The minimum reserve volume per well needed to break even is close to 112 units, which is higher than any of our existing predicted means. Geo2 comes close, with 94 units.

In [31]:
predict_target0 = pd.Series(predict_target0, index=valid_target0.index)
valid_target0[predict_target0.sort_values(ascending=False).head(200).index].sum()

29686.9802543604

In [32]:
predict_target1 = pd.Series(predict_target1, index=valid_target1.index)
valid_target1[predict_target1.sort_values(ascending=False).head(200).index].sum()

27589.081548181137

In [33]:
predict_target2 = pd.Series(predict_target2, index=valid_target2.index)
valid_target2[predict_target2.sort_values(ascending=False).head(200).index].sum()

27996.82613194247

In [34]:
def profit(target_valid, predicted_valid, sample_size):
    sample = predicted_valid.sort_values(ascending=False).head(sample_size).index
    income = target_valid[sample].sum()*revenue
    return income - budget

In [35]:
profit(valid_target0, predict_target0, 200)

33591411.14462179

In [36]:
profit(valid_target1, predict_target1, 200)

24150866.966815114

In [37]:
profit(valid_target2, predict_target2, 200)

25985717.59374112

When we look at the top 200 predicted performing wells in each region, and their profit after the given budget, it is evident that Geo0 has the most profitable region to invest in.
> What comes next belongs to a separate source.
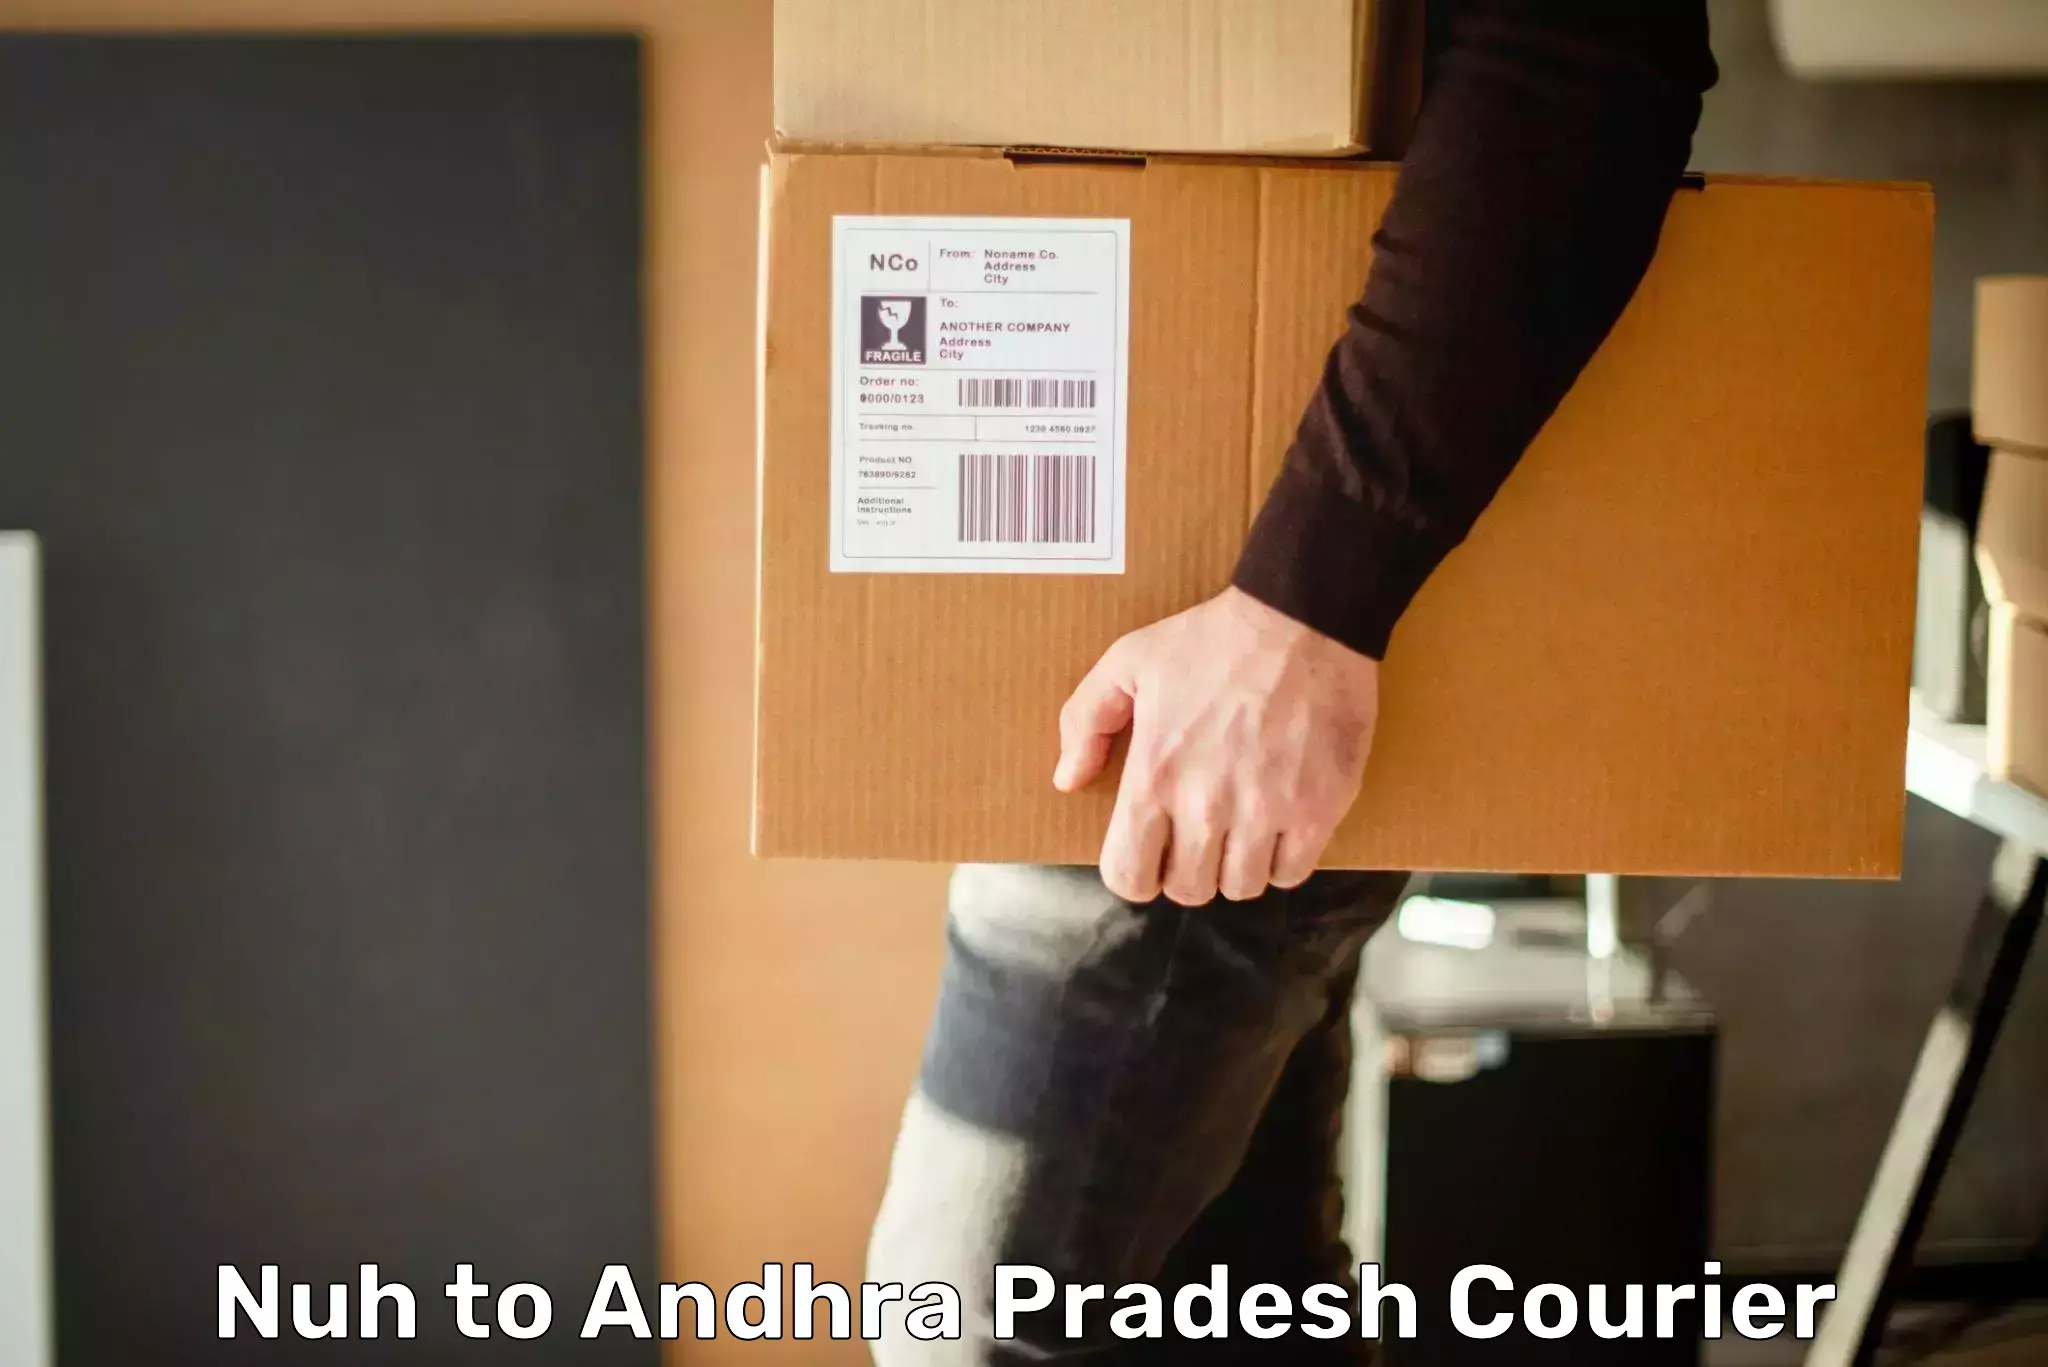 Speedy delivery service Nuh to Andhra Pradesh

The estimated profit based off the predicted best producing wells is $33,591,411 in Geo0.

In [38]:
import numpy as np
state = np.random.RandomState(12345)
values = []
for i in range(1000):
    sample = valid_target0.sample(n=500, replace=True, random_state=state)
    subsample = predict_target0[sample.index]
    values.append(profit(sample, subsample, 200))
values = pd.Series(values)
lower = values.quantile(.025)
upper = values.quantile(.975)
mean = values.mean()
lower, upper, mean

(-208849.82296241407, 12397305.759180633, 6150470.043942593)

In [39]:
loss = (((values < 0).sum())/1000) *100
loss

3.0

In [40]:
values = []
for i in range(1000):
    sample = valid_target1.sample(n=500, replace=True, random_state=state)
    subsample = predict_target1[sample.index]
    values.append(profit(sample, subsample, 200))
values = pd.Series(values)
lower = values.quantile(.025)
upper = values.quantile(.975)
mean = values.mean()
lower, upper, mean

(1437975.893868118, 12029099.133309357, 6470976.778904684)

In [41]:
loss = (((values < 0).sum())/1000) *100
loss

0.3

In [42]:
values = []
for i in range(1000):
    sample = valid_target2.sample(n=500, replace=True, random_state=state)
    subsample = predict_target2[sample.index]
    values.append(profit(sample, subsample, 200))
values = pd.Series(values)
lower = values.quantile(.025)
upper = values.quantile(.975)
mean = values.mean()
lower, upper, mean

(-180544.37179017137, 12899547.191920979, 6011182.796492722)

In [43]:
loss = (((values < 0).sum())/1000) *100
loss

3.1

After running a bootstrap on each geographical region, I would recommend to develop further in Geo1. Not only does it have the most accurate model for predictions, but when we look at running simulations, Geo1 has the least chance of risking a loss, at .3%. The other areas have slim chances of loss, but they are closer to 3%, 10 times higher than the risk from Geo1. Geo1 is the most reliable for many reasons, and would provide the best opportunities for the company.